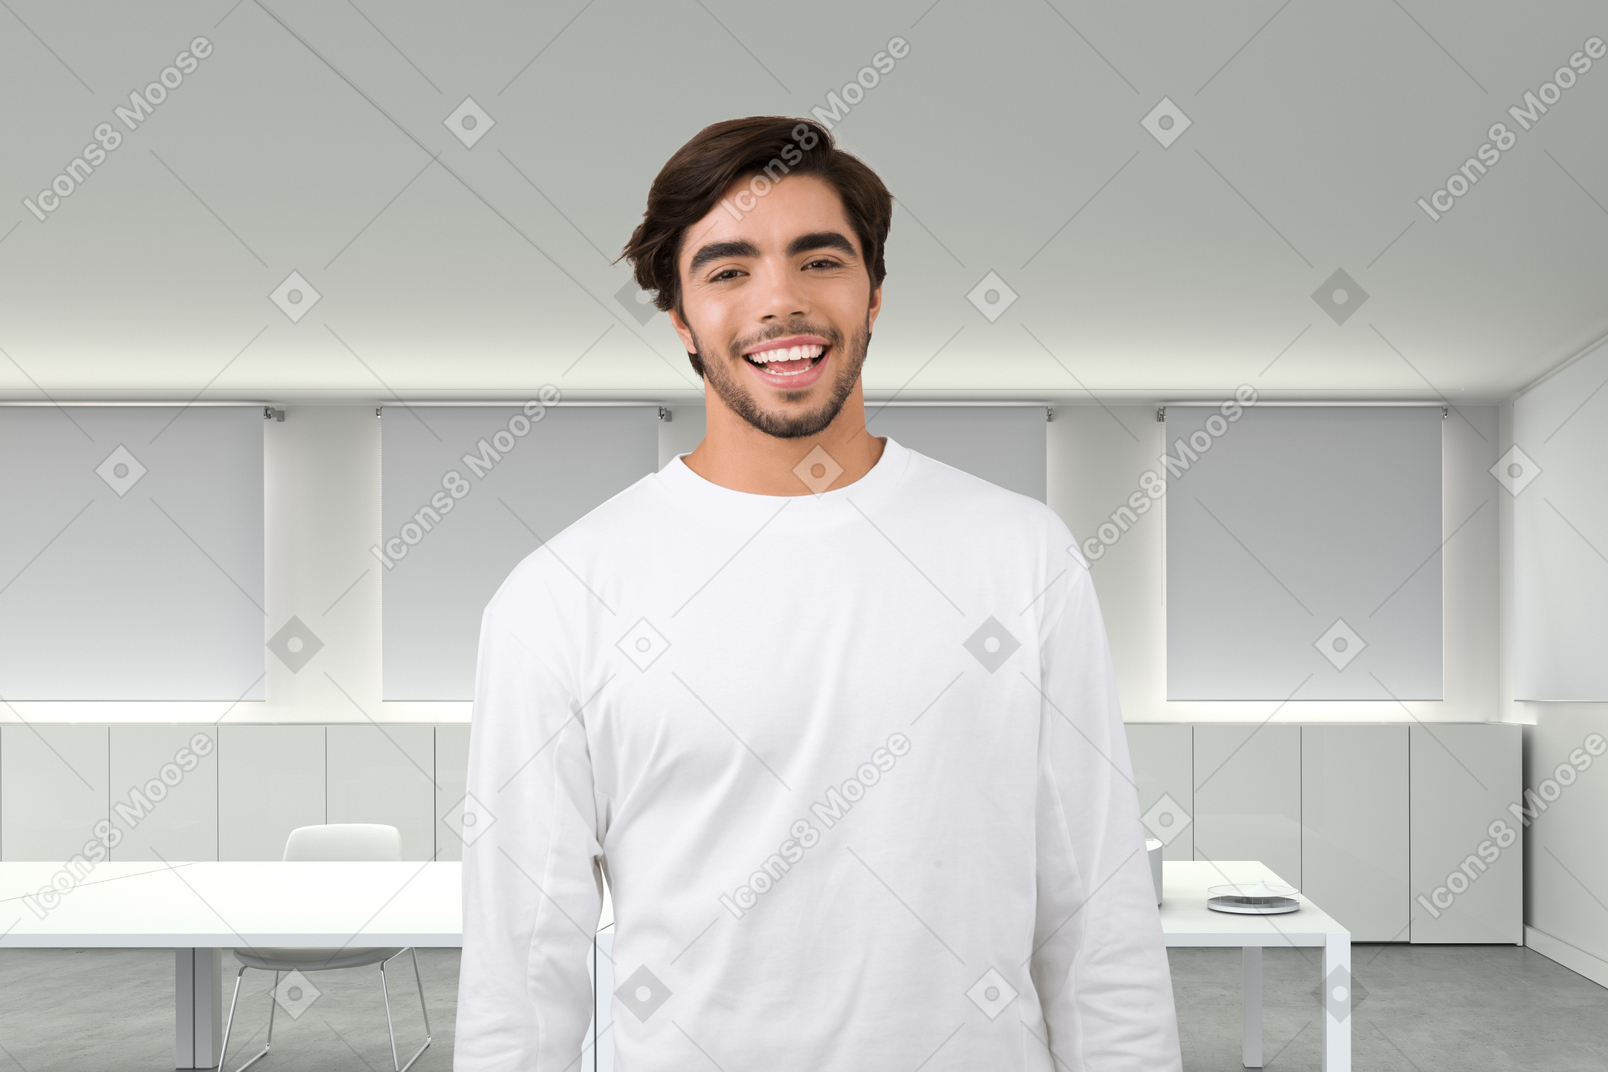 Un homme en chemise blanche debout dans une pièce
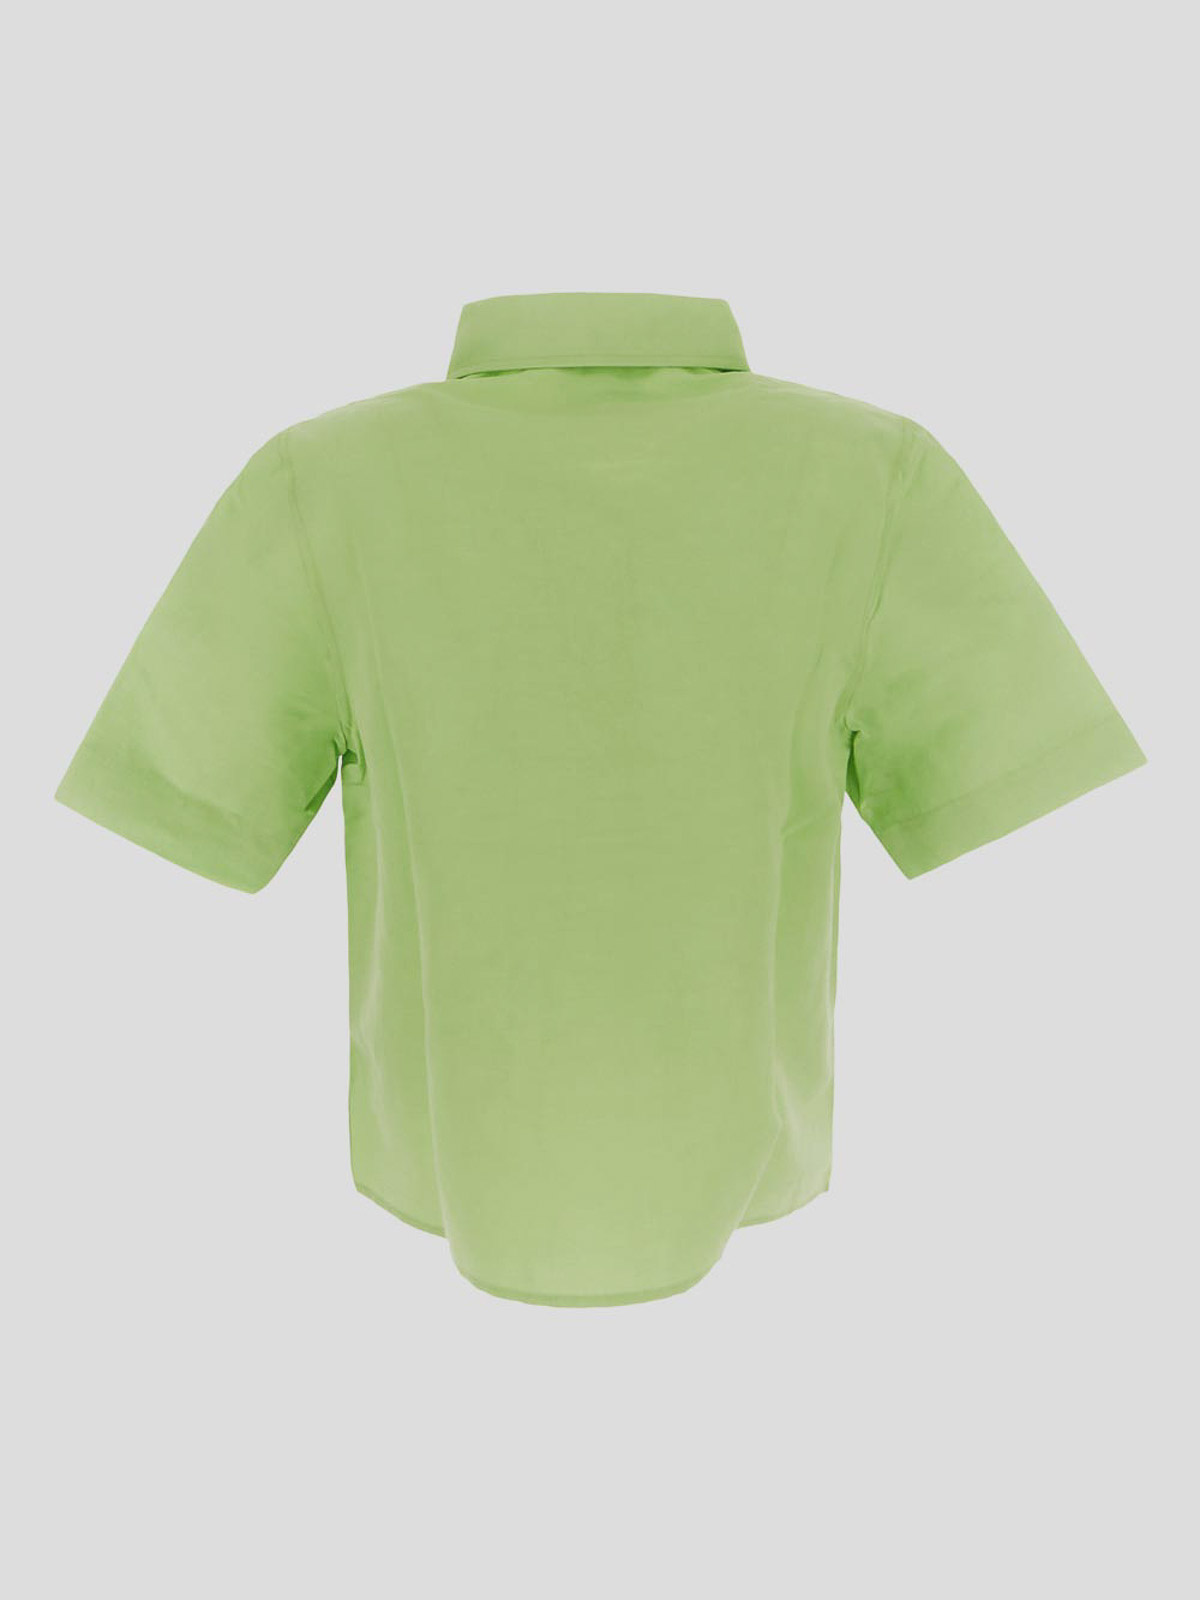 Shop Lido T-shirt In Green
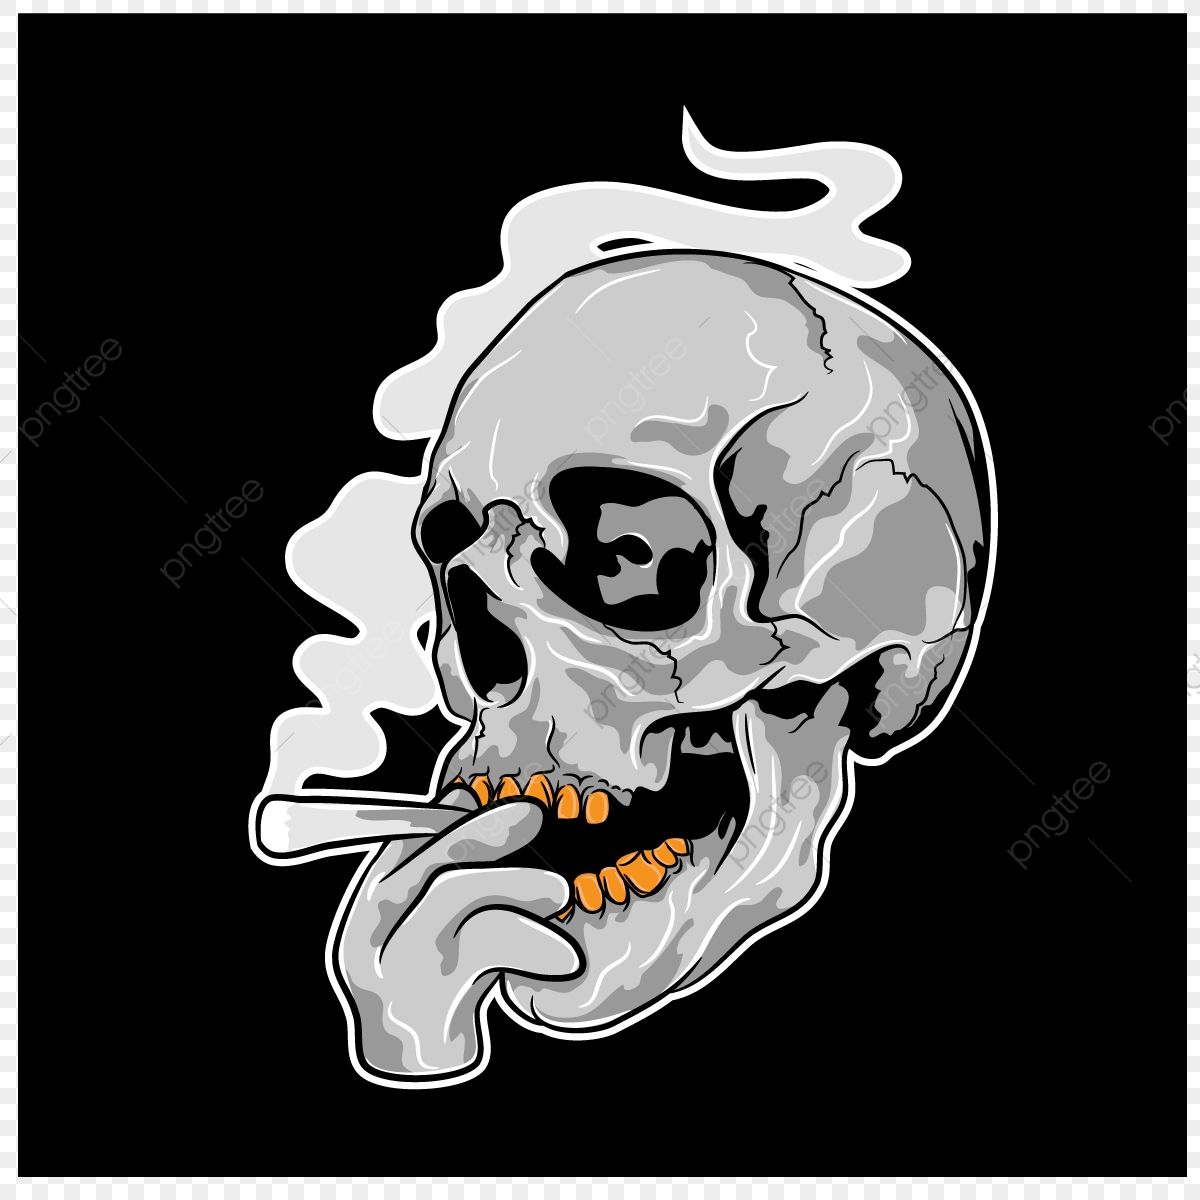 Skulls Clipart Transparent Background, Skull Illustration, Skull Clipart, Smoking, Skull PNG Image For Free Download. Skull illustration, Skull, Illustration

● Task details
Would you repeat the complete listing exactly, excluding each picture it holds?

● Reply
 Un homme en chemise blanche debout dans une pièce
 Shop Lido T-shirt In Green
 Skulls Clipart Transparent Background, Skull Illustration, Skull Clipart, Smoking, Skull PNG Image For Free Download. Skull illustration, Skull, Illustration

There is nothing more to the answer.